Joseph Kalathiparambil (born 6 October 1952) is the Archbishop of the Roman Catholic Archdiocese of Verapoly. He was formerly the Secretary of the Pontifical Council for the Pastoral Care of Migrants and Itinerants. He also served as the Bishop of the Roman Catholic Diocese of Calicut for almost nine years.

Archbishop Kalathiparambil is fluent in speaking and writing Malayalam, English, Italian and Latin.

==Life==
Bishop Joseph Kalathiparambil was born on 6 October 1952 in Vaduthala, a suburb of the city of Cochin in Kerala, India. Bishop Joseph was ordained a priest on 13 March 1978 by Archbishop Joseph Kelanthara of the Verapoly Archdiocese. He is specialized in Canon Law from Rome and was appointed Vice Rector of Collegio San Paolo in Rome from 1984 to 1989. Later he moved back to Kerala and was appointed Chancellor of the Archdiocese of Verapoly on 15 August 1989. He served as the Chancellor for the Archdiocese from 1989 to 1996.

He was granted the title of Chaplain of His Holiness, Monsignor, in 1989 by Pope John Paul II. On 6 November 1996, he was made the Vicar General of Archdiocese of Verapoly. He was advanced to the papal Prelacy of Honour on 31 January 2001. He served as the Vicar-General of the Archdiocese from 1996 to 2002. He was nominated Bishop of Calicut on 19 April 2002 and was consecrated on 19 May 2002.

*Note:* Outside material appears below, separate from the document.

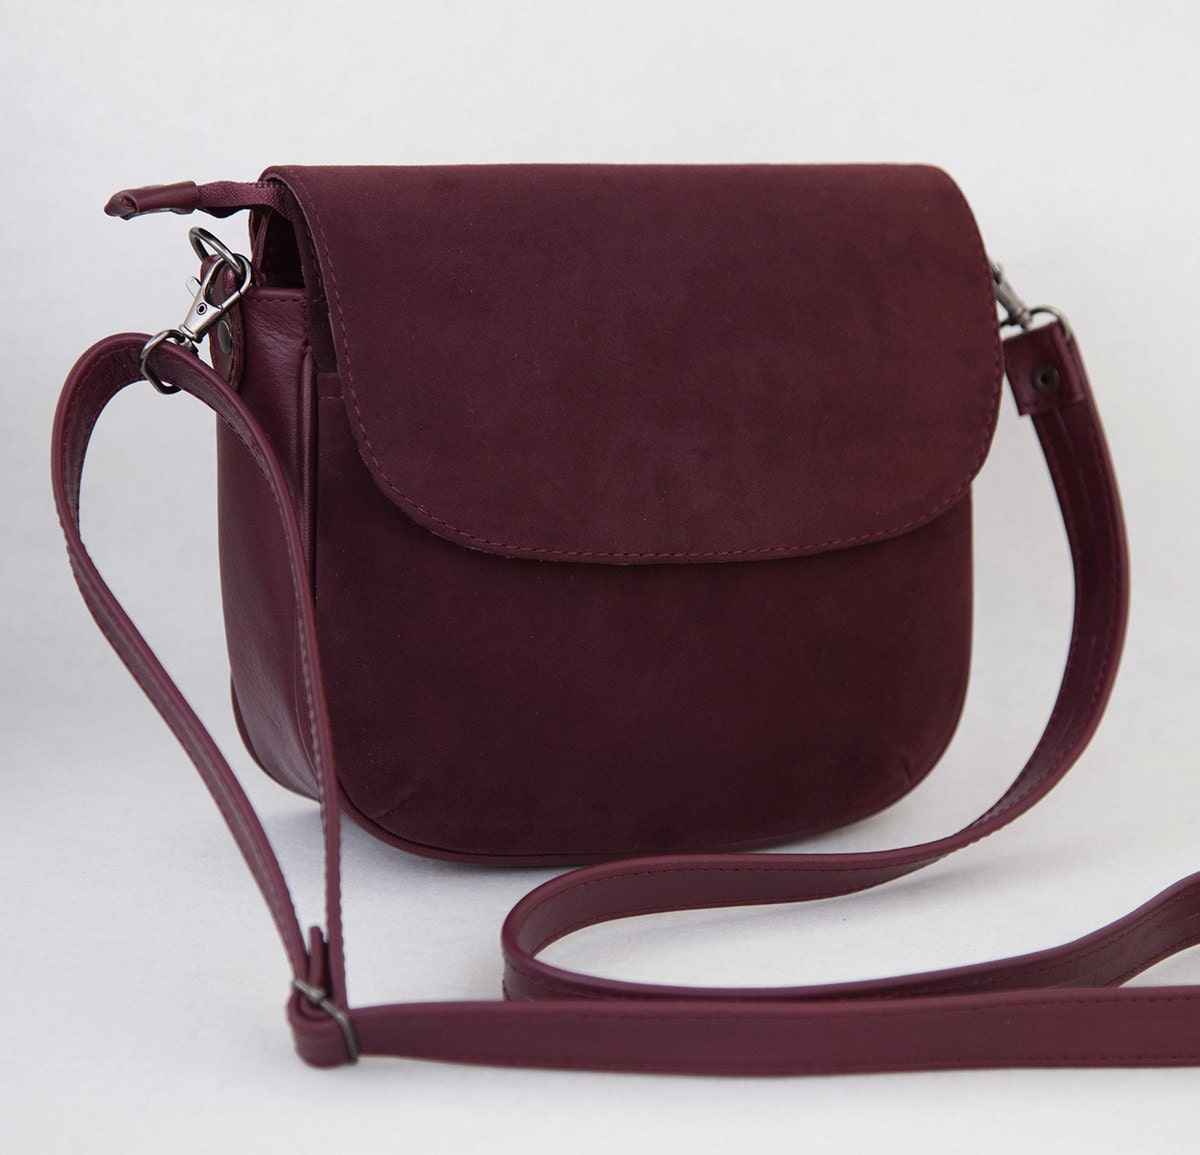 Small Bag Woman Bag Leather Bag Wine-coloured Bag Crossbody Bag ...

He served as the Bishop of Calicut for almost 9 years and was then appointed by Pope Benedict XVI as the Secretary of the Pontifical Council for the Pastoral Care of Migrants and Itinerants on 22 February 2011. On 5 March, he was also appointed as a Member of the Congregation for the Evangelization of Peoples.

Dr. Joseph Kalathiparambil was appointed as the Archbishop of Verapoly by Pope Francis on 31 October 2016. His formal installation as Archbishop of the Archdiocese of Verapoly took place on 18 December 2016.
Cardinal George Alencherry, Major Archbishop of the Syro-Malabar Church, and Cardinal Baselios Cleemis, Major Archbishop of Trivandrum were a part of the installation ceremony.

==Episcopal motto==
The motto of the Bishop's Coat of Arms is "Love is the greatest of all" ("Super Omnia Caritas") (I Cor. 13: 13).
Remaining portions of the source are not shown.